Cardiac autonomic tone
Cardiac autonomic tone is derived from beat to beat measurements of the time intervals between successive QRS intervals, specifically RR intervals. Measurement of HRV provides direct insight into abnormalities of the autonomic nervous system, which consists of the sympathetic nervous system (SNS) and the parasympathetic (vagal) nervous system (PNS) limbs [7, 11, 12]. HRV assesses the dynamic interaction and balance between the SNS and PNS at the level of the heart, overall providing a measure of cardiac autonomic competence [11, 12]. The a priori main outcomes of interest are measures of the frequency domain as these parameters are direct measures of cardiac autonomic tone  and are most commonly described in the ESKD study population [10, 13–15]. No one parameter of HRV has been established as superior in regards to their predictive ability as surrogate markers for adverse cardiovascular events [7, 16–19].

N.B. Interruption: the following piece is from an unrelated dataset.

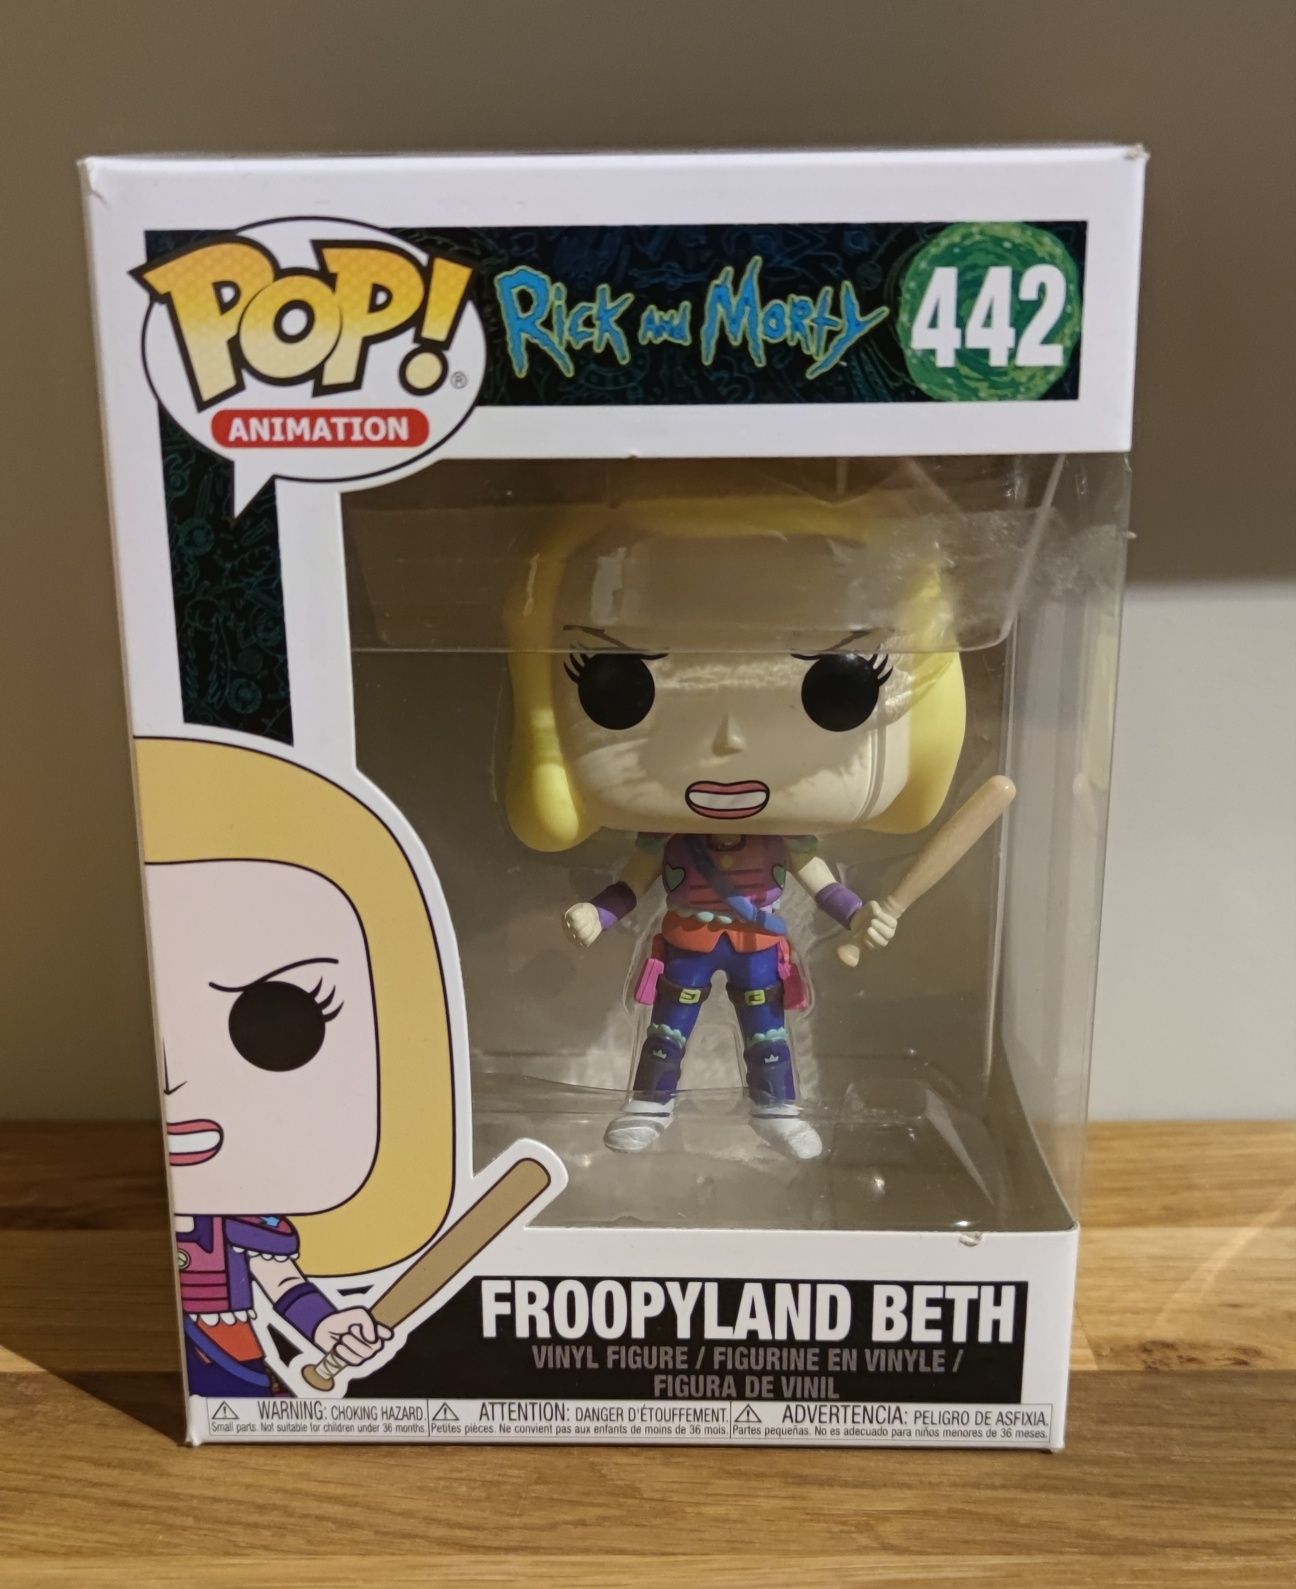 Funko Pop 442 - Rick and Morty - Froopyland Beth

Decreased HRV is associated with an increased risk of arrhythmias and cardiac death in both the general population  and patients with ESKD on dialysis [8, 9, 12–15]. Further, alterations in HRV occur more frequently in dialysis patients and corresponds with an increased risk of SCD and cardiovascular mortality [9, 13]. In a study of 30 ESKD patients, 53% had autonomic dysfunction, in which 40% was isolated to the vagal (PNS) limb and 13% had combined sympathetic and vagal dysfunction . Similarly, HRV findings in a study of 239 hemodialysis patients demonstrated drastic sympathetic over-activity and vagal withdrawal . Another study of 383 patients with ESKD on hemodialysis found that impaired cardiac autonomic tone was independently associated with an increased risk of all-cause and cardiovascular death after adjustment for traditional cardiovascular risk factors . Although HRV is a surrogate measurement, it has been established as an important and validated, non-invasive measure of cardiovascular-related mortality risk in the ESKD population [12, 13, 20, 21]. Consequently, interventions enhancing measures of HRV, and therefore influencing cardiac autonomic control, could potentially have considerable survival benefits in the high-risk ESKD patient population.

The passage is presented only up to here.